お湯の温度が高ければ、渋みや苦みが出やすい。低ければ、旨みが出やすい。茶葉の量が多ければ濃くなり、少なければ軽くなる。それを知ったうえで、あとはその時の自分に合わせればいい。二日酔いの朝にピリッとしたいなら、少し高めの温度で。昼休みのあと、ほっとしたいなら、少し温度を下げて。忙しい日は、キッチンに立ったままでもいい。
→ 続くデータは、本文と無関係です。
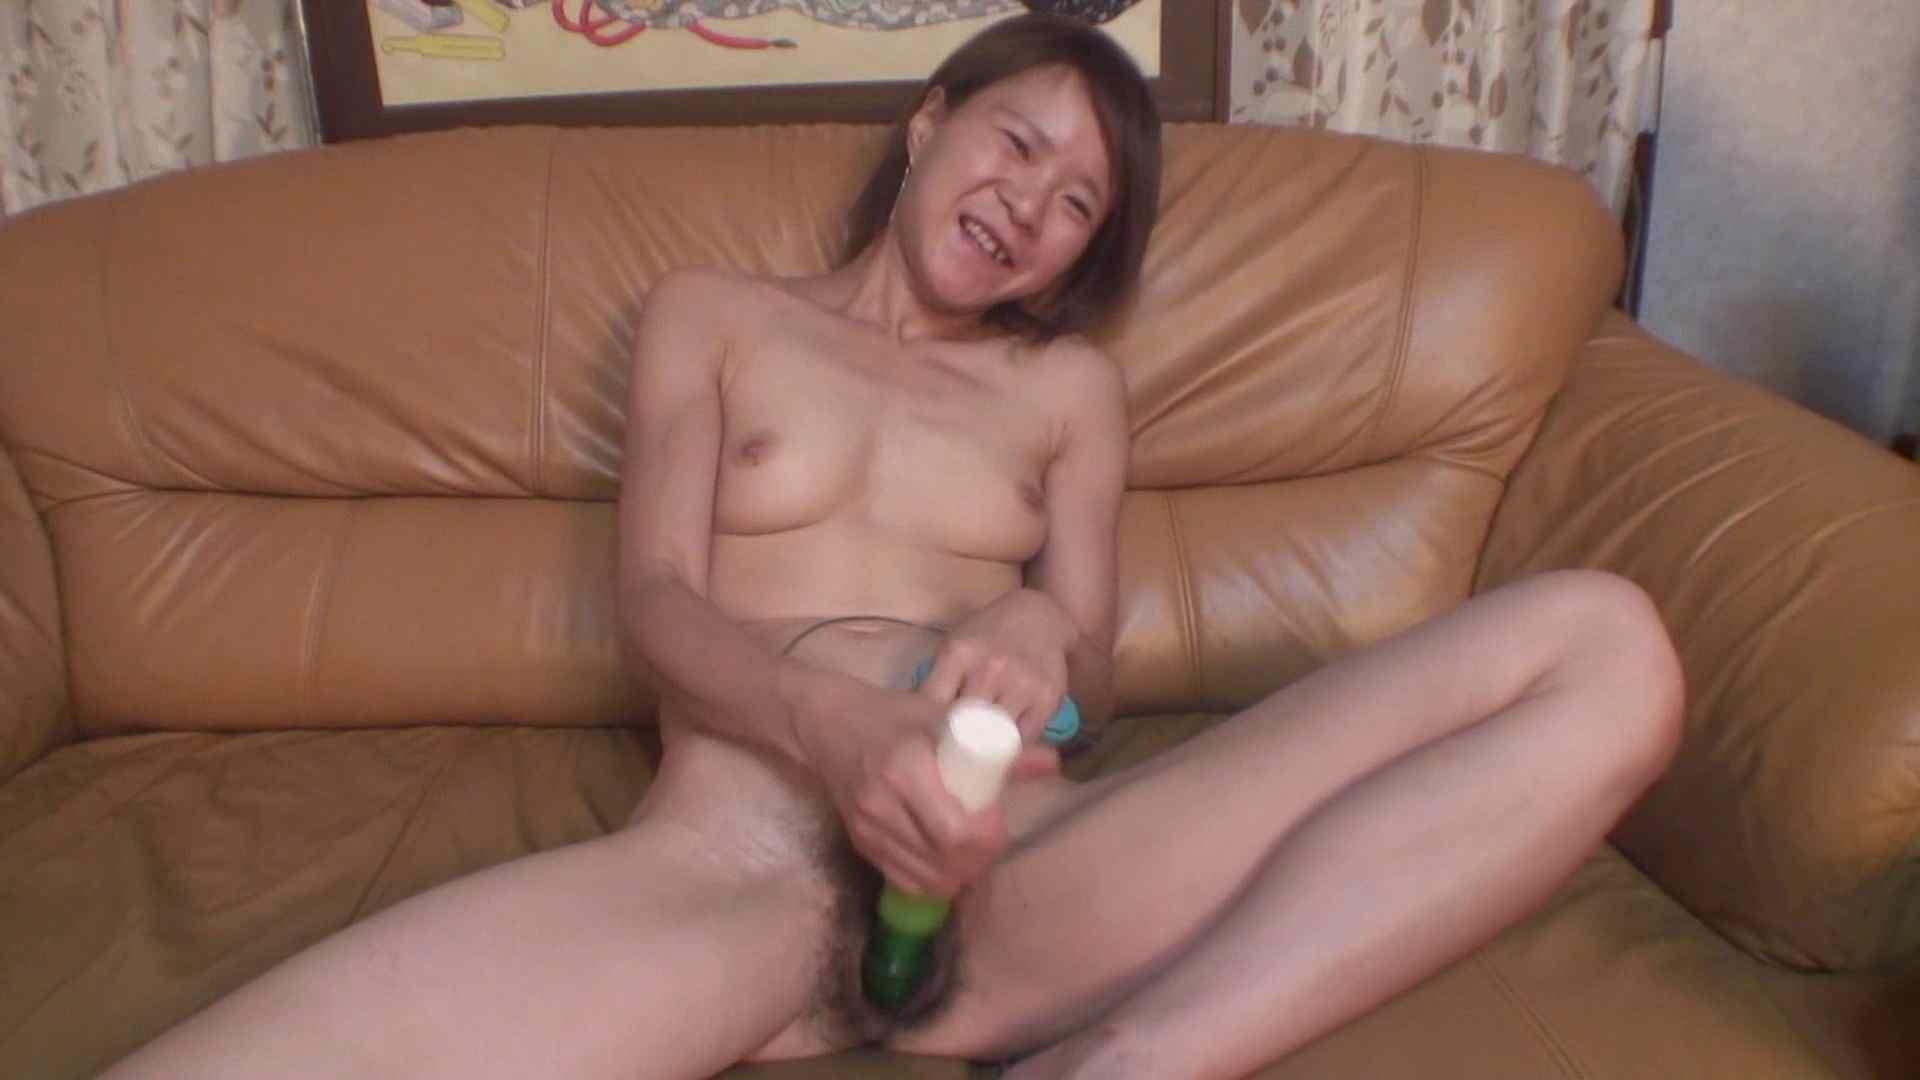 鬼才沖本監督作品 フェラしか出来ない女 フェラ・シーン セックス画像 86枚 60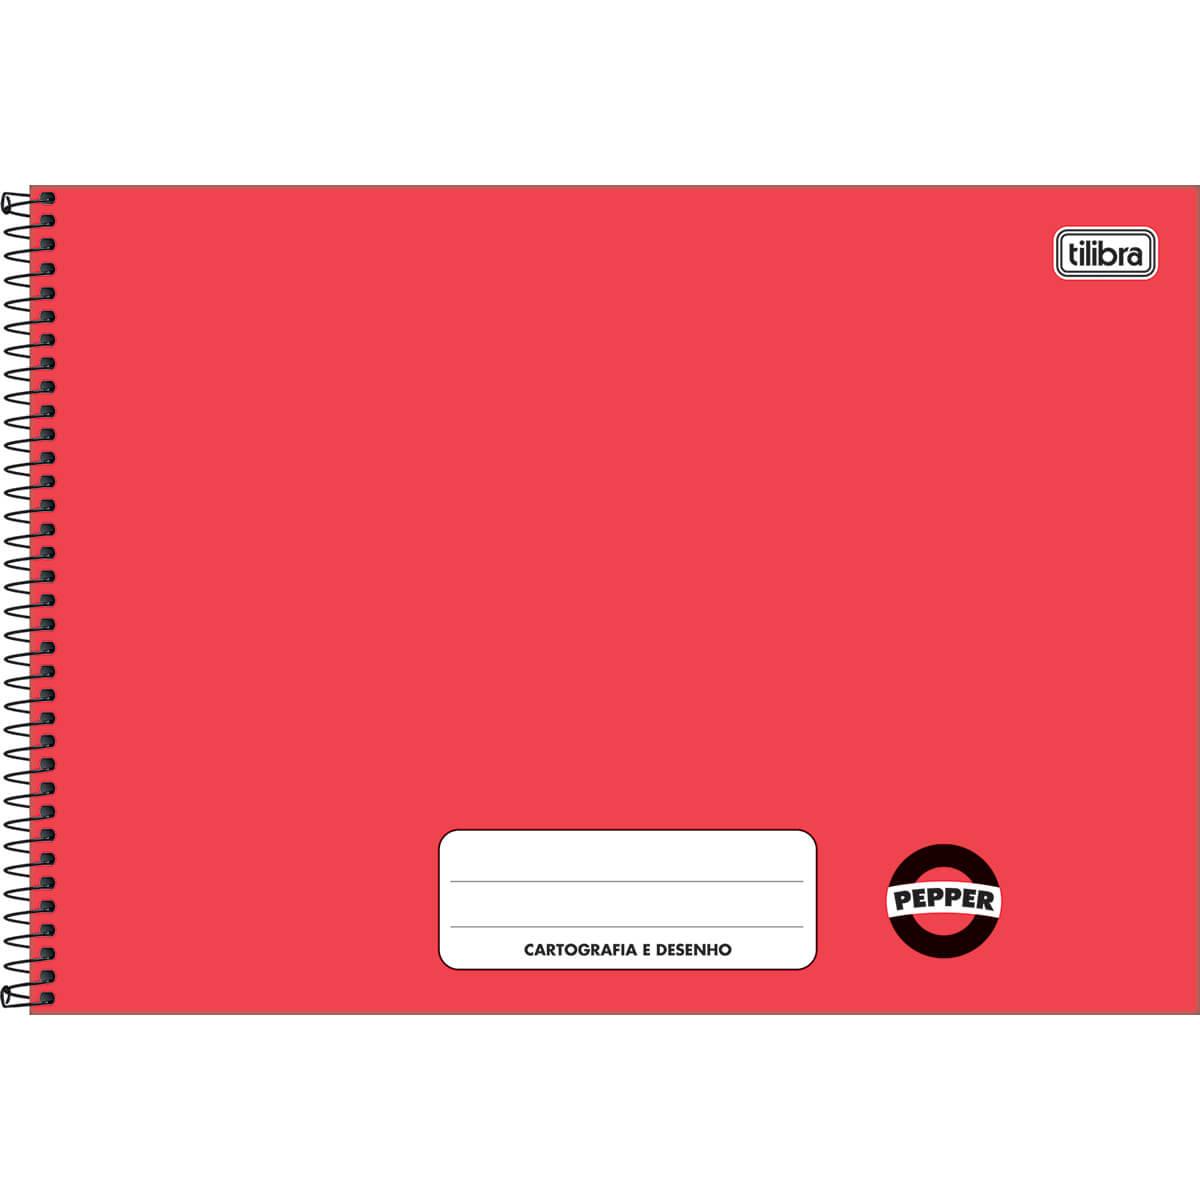 Caderno desenho 80 fls vermelho PEPPER Tilibra

縛られなくていい。そう思えるだけで、お茶との距離がぐっと近くなる気がします。
ギフトにも、自分用にも
日本茶は賞味期限も比較的長く、贈り物にしやすいもの。それでいて、パッケージが美しく、選ぶ楽しさもある。「いつもの手土産、ちょっと変えたいな」という時にもよさそうです。
そしてもちろん、自分用にも。和紅茶や和烏龍茶は、日本の食べ物やお菓子にもなじみやすく、冷たくしても、炭酸で割っても、お酒と合わせても楽しめるそう。お茶って、思っていたよりかなり遊べるんですね。
芝3丁目で偶然見つけたお茶のお店。試飲もできるので気になった方はぜひ一度、紀伊さんに相談しながら、自分に合う一杯を探してみてください。